Beside their involvement in fatty acid oxidation mitochondria are in the center of cell death regulation and energy production. Most ATP is produced by oxidative phosphorylation, a mechanism which is tightly linked to the connectivity of the mitochondria. Beside members of the BCL2 family which mainly affect mitochondria during apoptosis induction6,7, mitochondrial morphology is regulated by the family of fusion/fission proteins. In mammals, mitochondrial fusion/fission dynamics are controlled by dynamin-1-like (DNM1L/DRP1) which promotes fragmentation of mitochondria, whereas mitofusion-1 (MFN1) and mitofusion-2 (MFN2) as well as optic-atrophy-1 (OPA1) induce mitochondrial fusion of the outer membrane and the inner mitochondrial membranes, respectively8.

Earlier papers on LCHADD patients have reported reduced mitochondrial activity in fibroblasts from LCHADD patients9,10. Here we demonstrate for the first time that skin fibroblasts from LCHADD and VLCADD patients show a significantly altered mitochondrial morphology and increased ROS levels. This suggests a deregulation of mitochondrial fusion/fission dynamics which correlated with a marked deregulation of the MFN2/DNM1L ratio, significantly impaired basal mitochondrial respiration and mitochondrial spare capacity, which in turn shifts energy production into glycolysis.

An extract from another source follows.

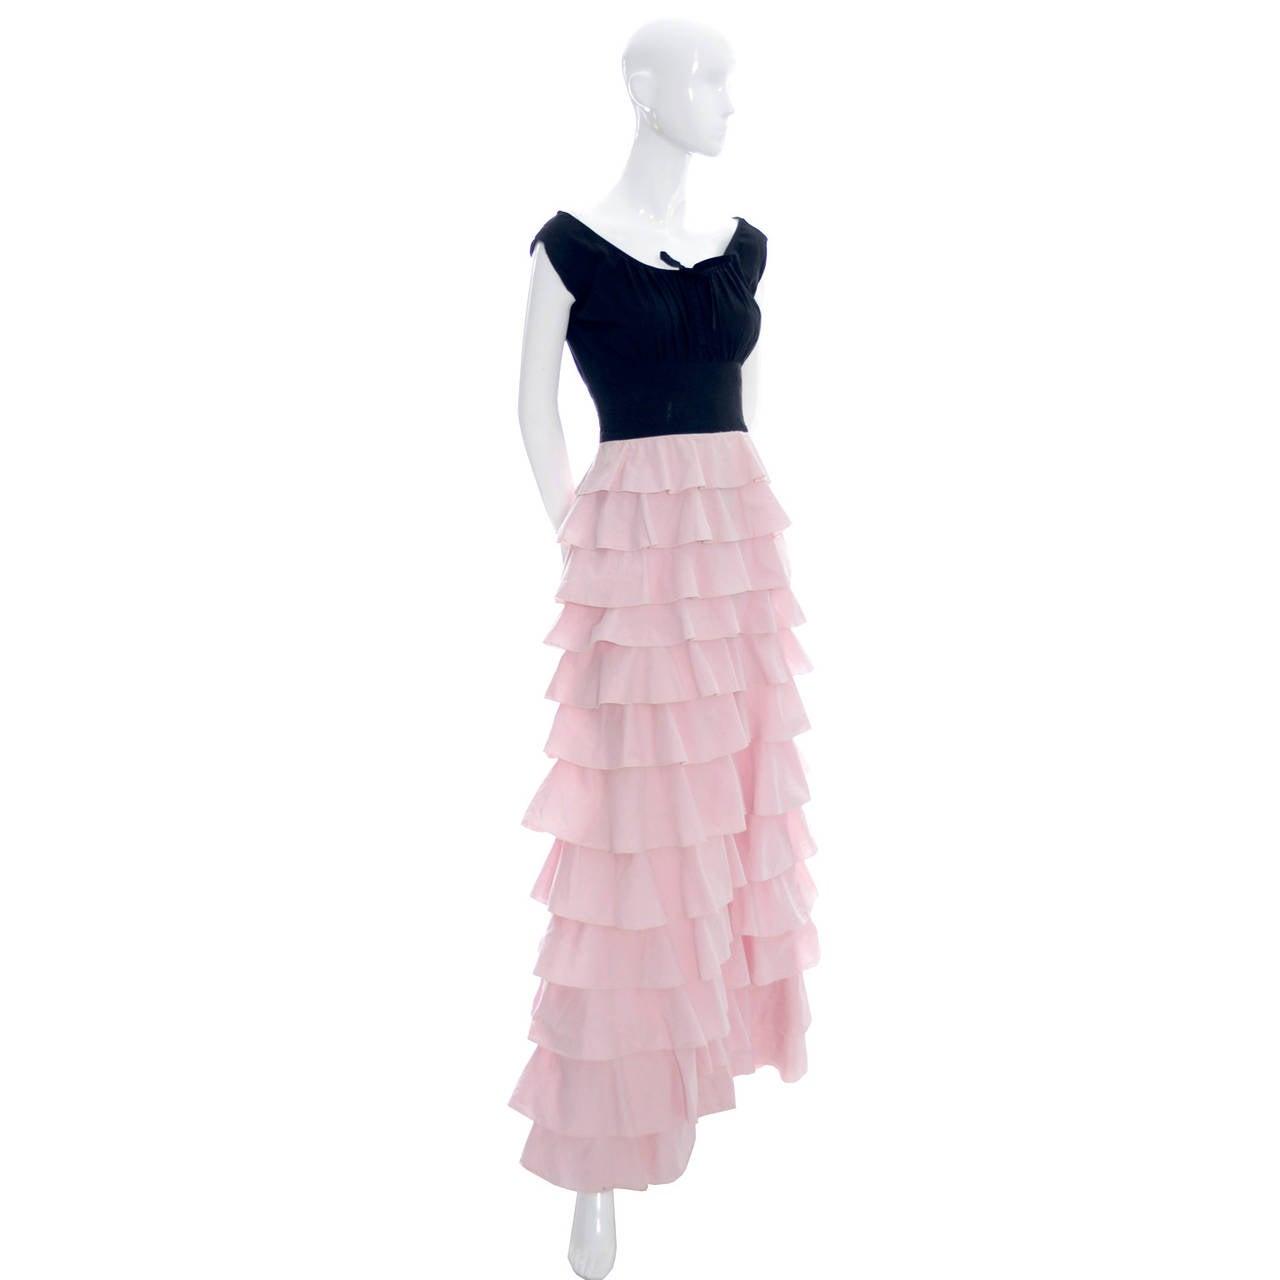 Women's 1940s Vintage Gilbert Adrian Original Dress Pink Ruffles Rare Designer Gown For Sale
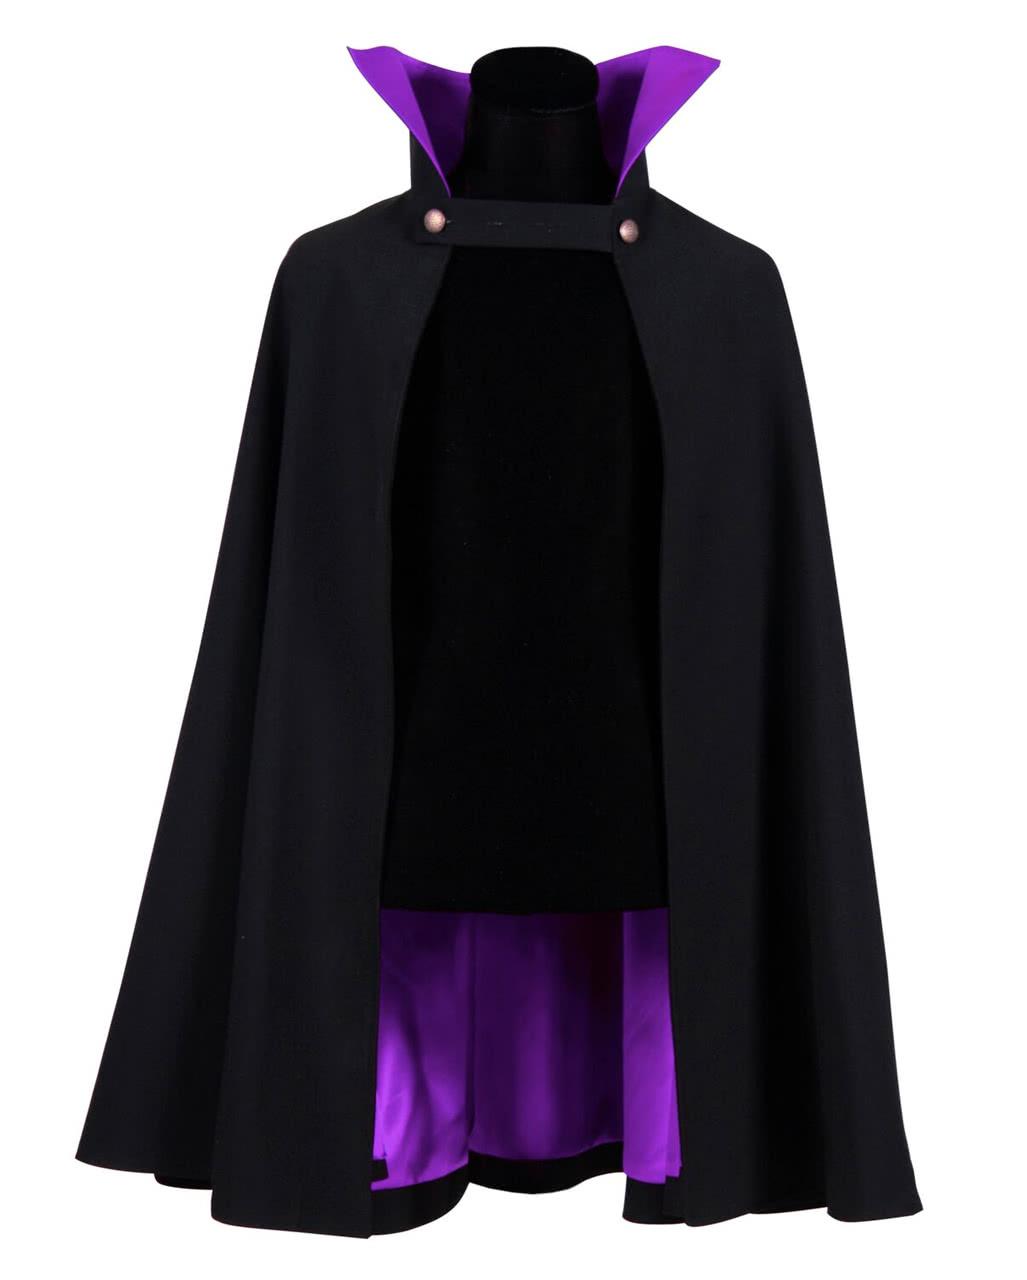 Vampire Cape Deluxe black-purple  0c76471010af6

Alteration of mitochondrial morphology in LCHADD/VLCADD patients

Clinical symptoms of LCHADD/VLCADD mainly occur during fasting, illness or physical strain and thereby affect organs with high energy consumption like the heart and the skeletal muscle. Since mitochondria are in the center of cellular energy generation which is linked to their connectivity6, we analyzed mitochondrial morphology via live cell imaging. 9/9 patient-derived skin fibroblast cultures showed alterations in their mitochondrial structures compared to healthy controls (Fig. 1a–d). Patient cells could be divided into mainly dot-like structures (Fig. 1b, 7/9 patients) and patients with mixed forms of dot-like structures and lots of very small tubes (small tubular, Fig. 1c, 2/9) compared to two healthy controls, which possessed more than 95% of network-like mitochondria (Fig. 1a,d).

Figure 1
figure 1

LCHADD/VLCADD affect mitochondrial morphology. Mitochondrial morphology was analyzed in fibroblasts of healthy controls (a) or LCHADD/VLCADD patients (n = 9; b,c). Mitochondrial morphology was classified into networks-like, fusion defect, or small tubular structure. (d) Shown is the mean of three independent experiments; for each experiment 30–40 cells were analyzed. Mitochondrial morphology classes were compared between control cells and patient cells (**p < 0.01; ***p < 0.001).

Figure 2
figure 2

MFN2/DNM1L ratio is decreased in patients with LCHADD/VLCADD. Total protein of fibroblasts from healthy control or from patients with LCHADD or VLCADD was analyzed for expression of (a) MFN1, MFN2, DNM1L, pDNM1L, and GAPDH (loading control) or (b) OXPHOS and α-Tubulin by immunoblot. Samples were derived from the same experiment and gels/blots were processed in parallel. Densitometric analyses were performed using Labworks software version 4.5 (UVP, UK) and expressed as fold over healthy control. The ratio between MFN2/DNM1L and between pDNM1L/DNM1L was assessed from three independent experiments (*p < 0.05; **p < 0.01; ***p < 0.001). Uncropped immunoblots from three independent experiments are provided in Supplemental Fig. 1.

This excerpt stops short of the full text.